High-write workloads. KV's free tier is 1,000 writes/day. Paid tier writes are $5 per million. D1 writes are $1 per million. If you write a lot, D1 or DOs are cheaper and correct.

The "rate limit by IP in KV" anti-pattern is the canonical mistake. The bug appears under load, the metric looks plausible, and the actual count is wrong by 20–50%. Don't do it.

The binding

[[kv_namespaces]]
binding = "CACHE"
id = "..."

Just like R2 and D1, the runtime hands you env.CACHE with get, put, delete, and list. No SDK to import, no credentials to manage.

Read operations

// Default — string
const raw = await env.CACHE.get('hero-copy');
 
// JSON — KV does the parse for you
const config = await env.CACHE.get('site-config', 'json');
 
// ArrayBuffer / Stream variants for binary
const bytes = await env.CACHE.get('blob-key', 'arrayBuffer');
const stream = await env.CACHE.get('blob-key', 'stream');
 
// Get with metadata
const { value, metadata } = await env.CACHE.getWithMetadata('hero-copy');

Three properties of reads that matter:

First read in a PoP is a cache miss — slower (~50ms+). Subsequent reads in the same PoP are fast (~5–10ms).
Reads are always served from the PoP-local replica — strongly consistent with that replica, eventually consistent with the origin.
A null return is indistinguishable from a deleted key. If you need "deleted" semantics, encode them in the value ({ status: 'tombstoned' }).

Write operations

// Plain string
await env.CACHE.put('hero-copy', 'Ship apps in a weekend.');
 
// With TTL — value disappears after N seconds
await env.CACHE.put('rate-attempt:' + ip, '1', { expirationTtl: 60 });
 
// With absolute expiration (unix seconds)
await env.CACHE.put('promo-banner', 'Memorial Day sale', { expiration: 1748908800 });
 
// With metadata (returned alongside the value on getWithMetadata)
await env.CACHE.put('user:' + uid, JSON.stringify(profile), {
  metadata: { tier: 'pro', updated: Date.now() },
  expirationTtl: 3600,
});

Four properties of writes:

put returns as soon as the write hits the origin. It does not wait for global fan-out. Subsequent reads in remote PoPs may return the old value for up to 60 seconds.
expirationTtl is minimum 60 seconds. Don't try to use KV for sub-minute caches.
No atomic increment. get → +1 → put between two Workers races; the loser silently overwrites.
Write rate-limit: ~1 write/key/sec. Don't hammer the same key.

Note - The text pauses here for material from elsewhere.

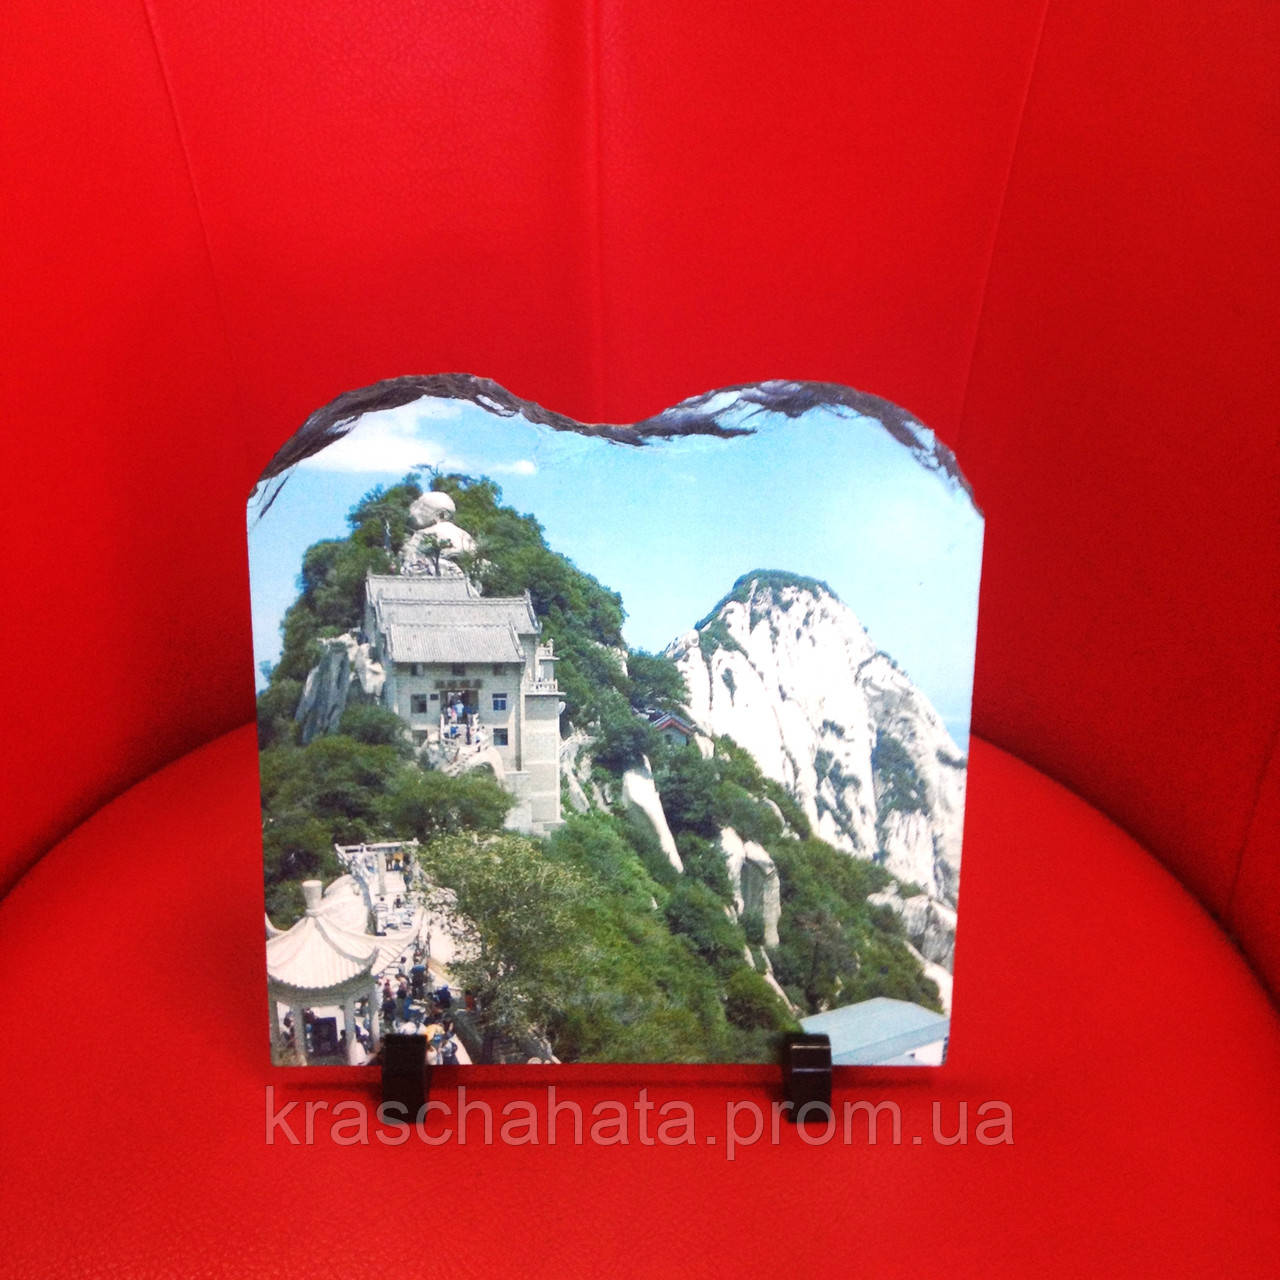 Картинка на камені, Таїланд, Подарунки для туристів, Дніпропетровськ
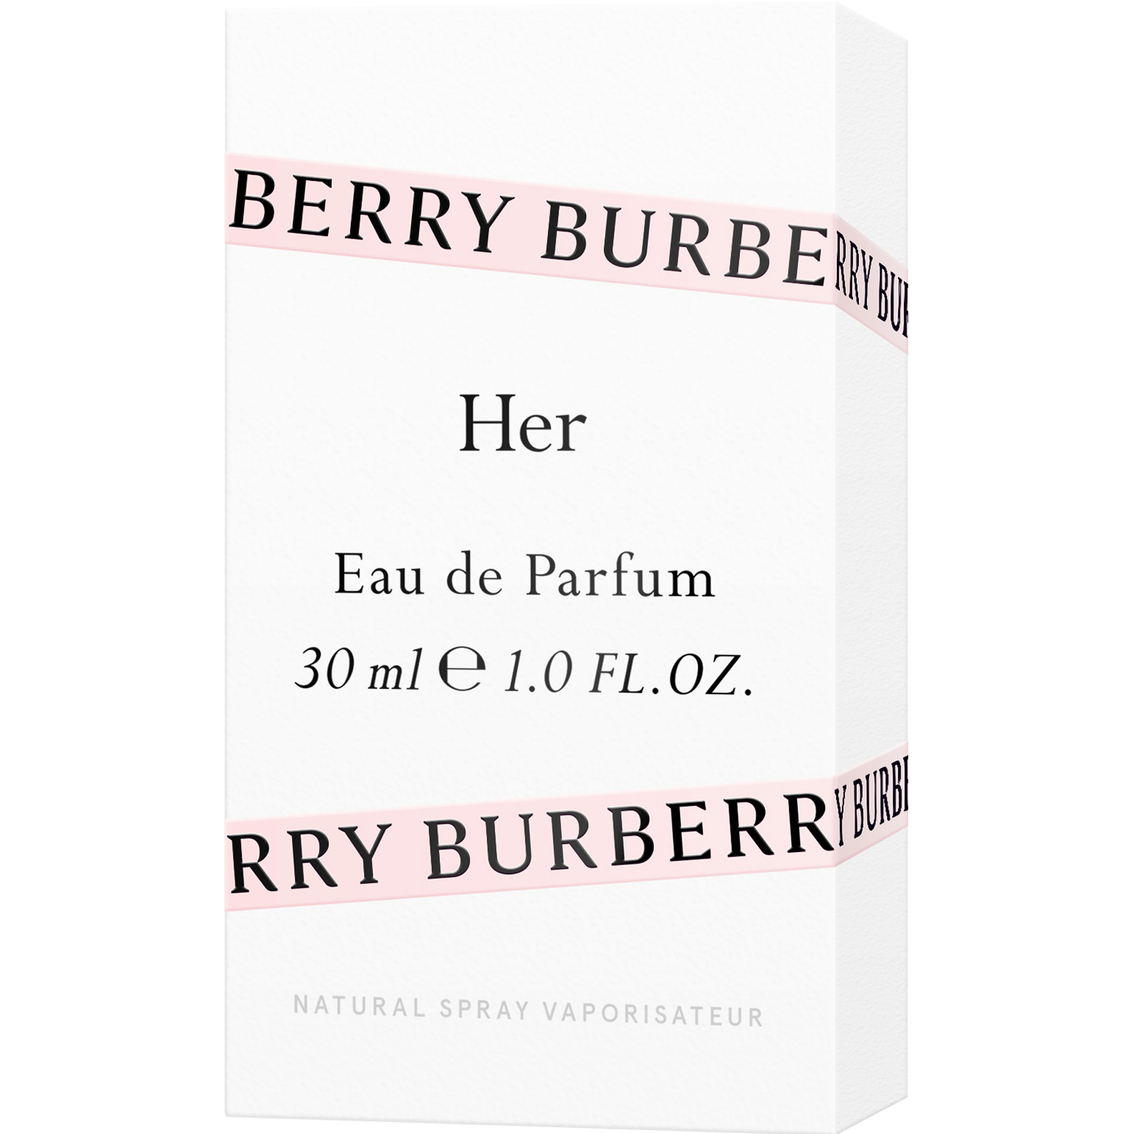 Burberry Her Eau de Parfum Spray - Image 3 of 3

The TTL trick — and the 60-second floor

expirationTtl is the most-used KV option for a reason: it gives you a free garbage collector. The minimum TTL is 60 seconds, so the smallest sensible KV cache is "this entry lives for at least a minute." If you want a 5-second cache, KV is not the right tool — you want the Cache API or an in-memory Map inside a Durable Object.

A practical pattern: read-through cache in front of an expensive D1 query.

async function getProductSummary(env, slug) {
  const cached = await env.CACHE.get('product:' + slug, 'json');
  if (cached) return cached;
 
  const row = await env.DB.prepare(
    'SELECT id, name, price, hero_url FROM products WHERE slug = ?'
  ).bind(slug).first();
  if (!row) return null;
 
  await env.CACHE.put('product:' + slug, JSON.stringify(row), {
    expirationTtl: 300, // 5 minutes
  });
  return row;
}

This is the "right" use of KV: the source of truth is D1, KV is a read-through edge cache, and a 5-minute stale window is acceptable. The expensive D1 query happens once per PoP per 5 minutes; everyone else gets a sub-10ms hit.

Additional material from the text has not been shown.